You can do that logging using tools like dnssec-system-tray pointing to the unbound log
file.
IMO, the question is not if I can do that (or others on Fedora-devel mailing list).
It's if we can have such a warning setup be the *default* for end-users in Fedora-24.
> 2. dbus:
> * The local DNS server would send specific DBUS signal (e.g:
net.dnsseq.InsecureDNSReply).
> * A desktop process would listen on these signals and show proper desktop
notification.
But these solutions can quickly become a denial of service through popups.
Good point, but that could be mitigated at both ends:
* The local DNS server can apply a "rate-limit" for these DBus signals.
* Also, the display don't have to use desktop "notifications".
Alternatively, it can be implemented as a single process that listen to
these signals and show one popup with minimal info (global warning,
with a possible list of latest problematic domains).

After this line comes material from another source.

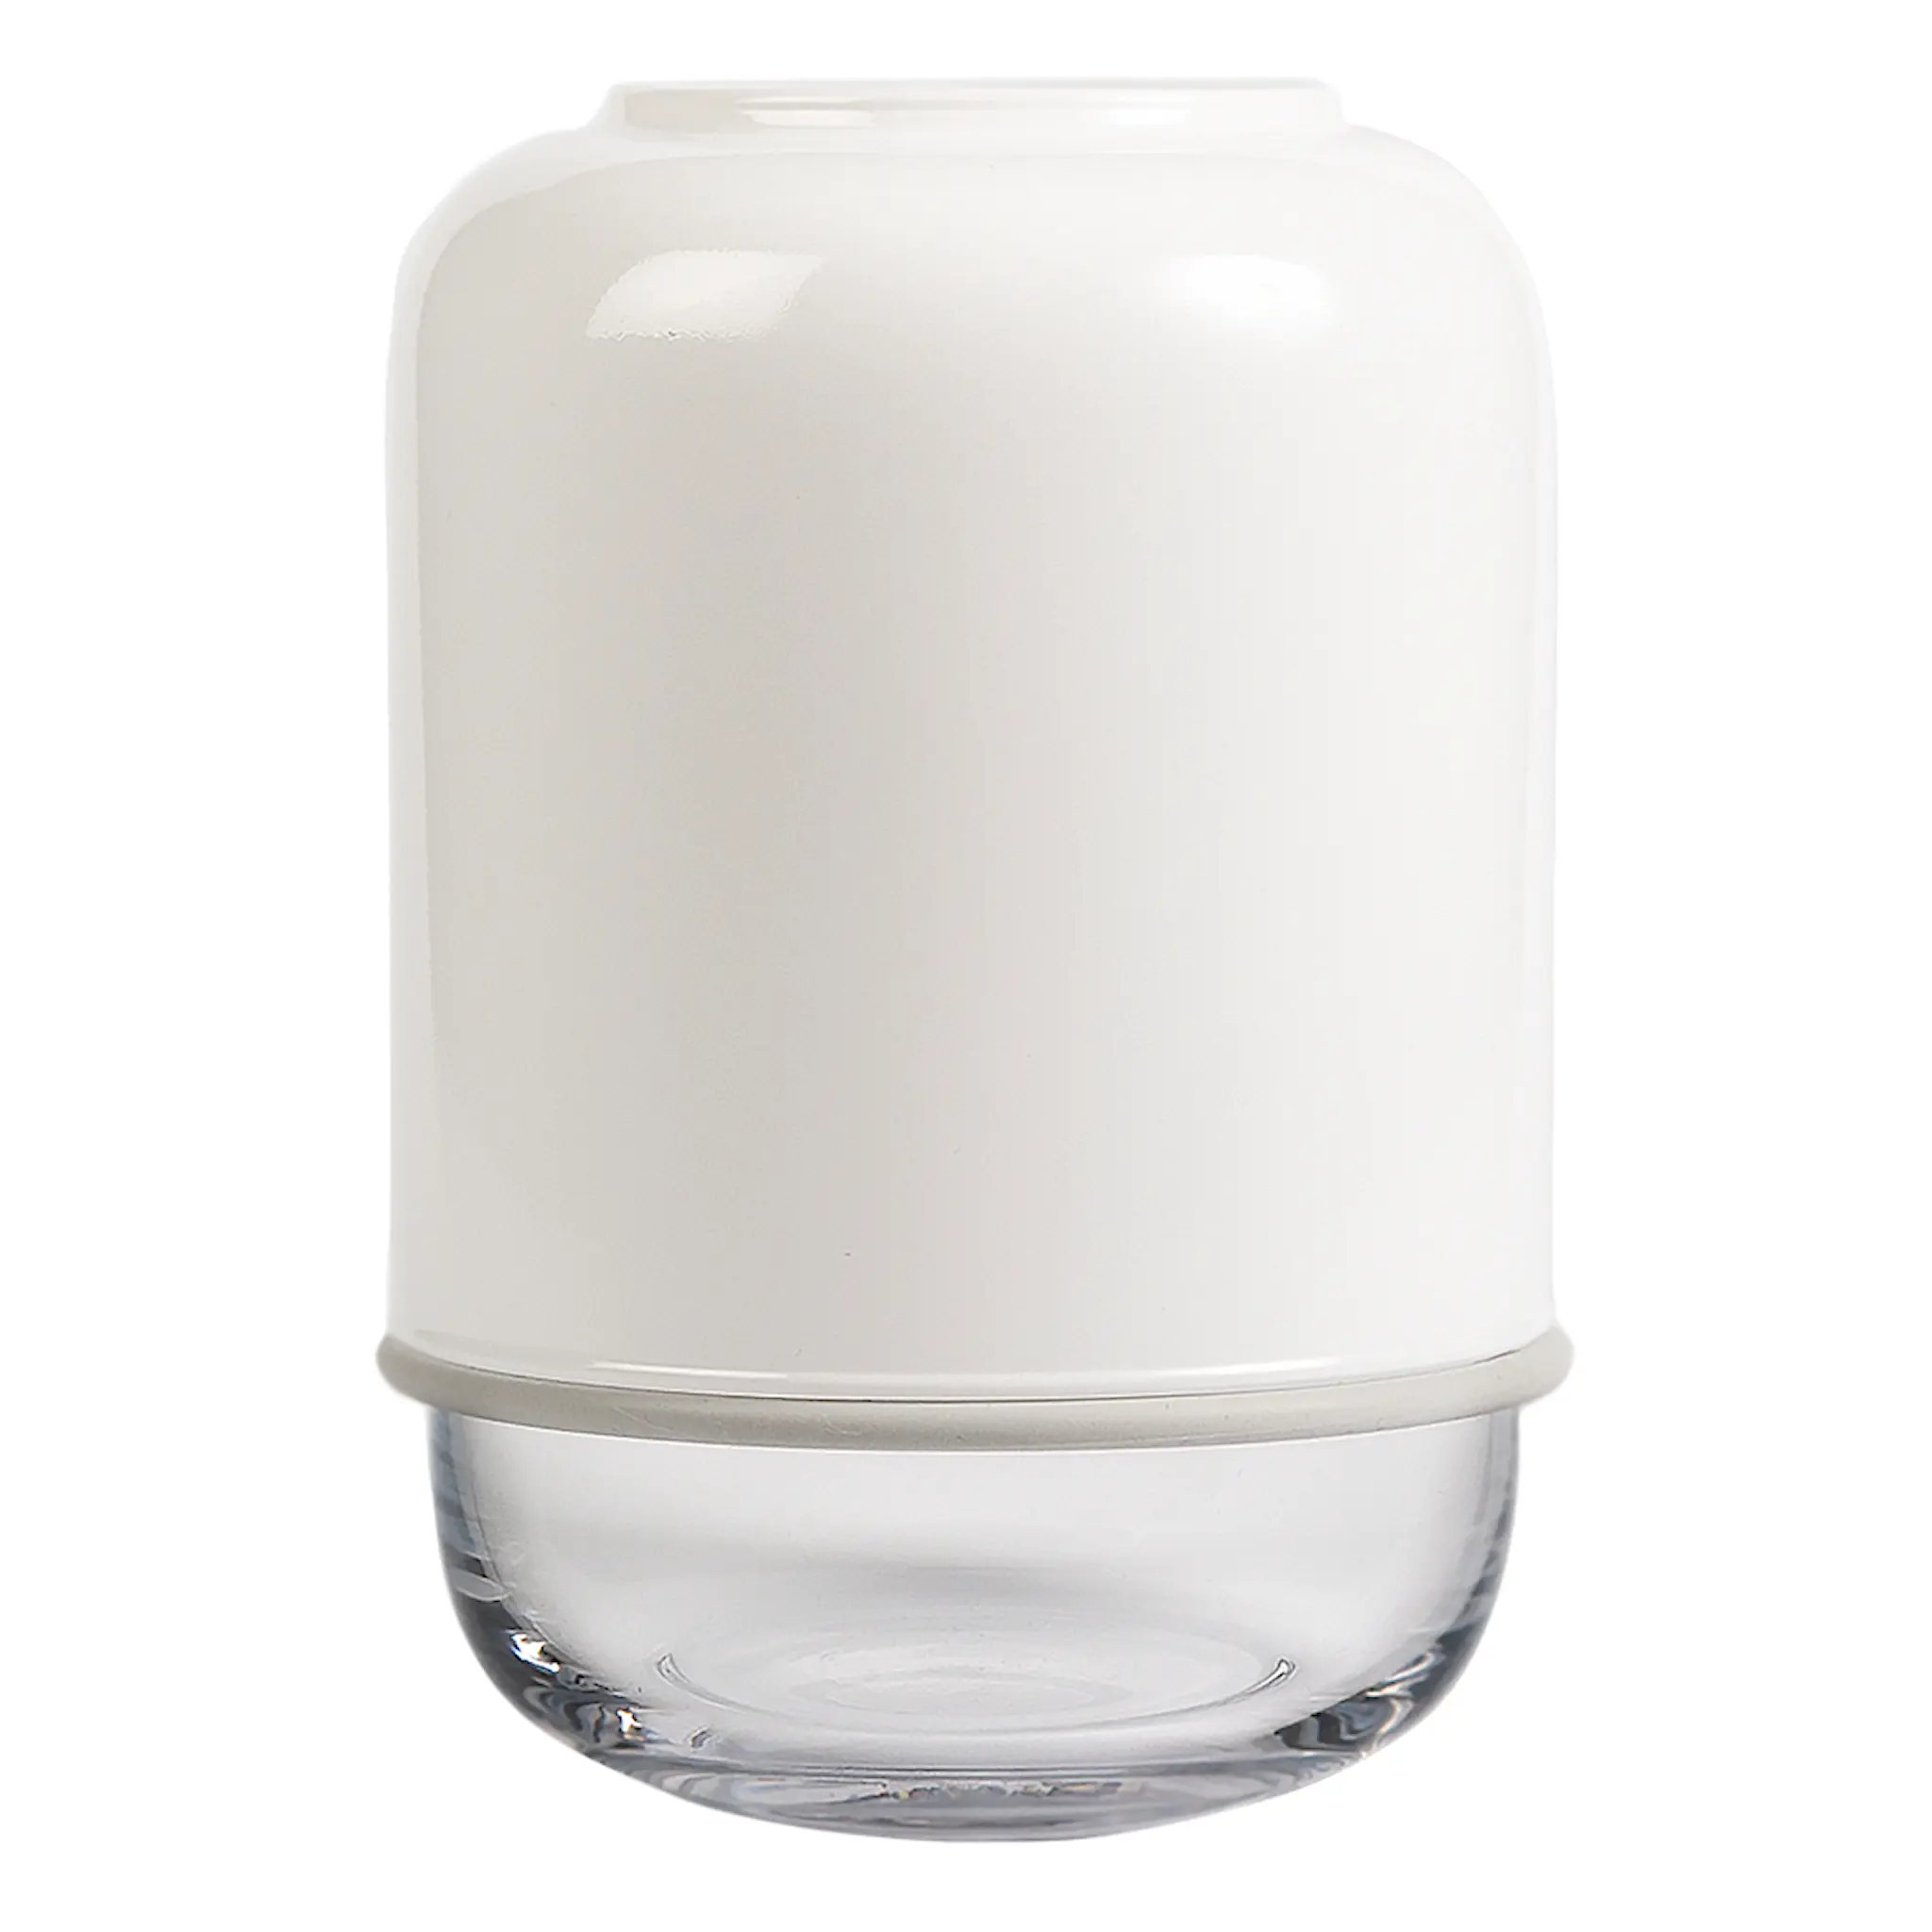 Muurla Kapsel justerbar vase glass hvit/klar

> * large-numbers: millions of machines would reveal much more
varied use-cases
> than what a 500-1000 machines of "fedora-devel" people can show.
google dns, verisign dns and many large DNS deployments already validate and break setups
of
people using 8.8.8.8 manually.
Those DNS deployments are good for general DNSSEC technology validation.
They have nothing to do with the problem I pointed:
* They do not test the crazy DNS world *inside* NAT'ed networks.
* In these private networks is where most bad DNS setups exists.
* This is the environment that the new Fedora DNS setup will likely encounter.
factoid: In a medium corporation I know (few thousands desktops/servers across ~5
timezones),
they still use internal domains like "foobar.local" (which practically
kill
great technologies like mDNS).
This is pretty obvious as "<something>.local" was considered
*best-practice*
by some Microsoft Active Directory setups when this corporation was small.
We've gone out of our way to try and be nice to existing DNS
deployments, but at some point you got to treat the wound, cause some pain and fix
things.
I agree, but still think doing it in *two steps* would be beneficial for both
Fedora and DNSSEC.
First make it default and analyze the backlash (which won't be fatal, as it's only
warnings)
Than make it "enforcing" and force the pain (after you already have clear
notification mechanisms that are *familiar* to the end-users).
> So my hunch feeling is still: make F24 with DNSSEC by default,
but not
> "enforcing". Than, F25 will enforce DNSSEC validation.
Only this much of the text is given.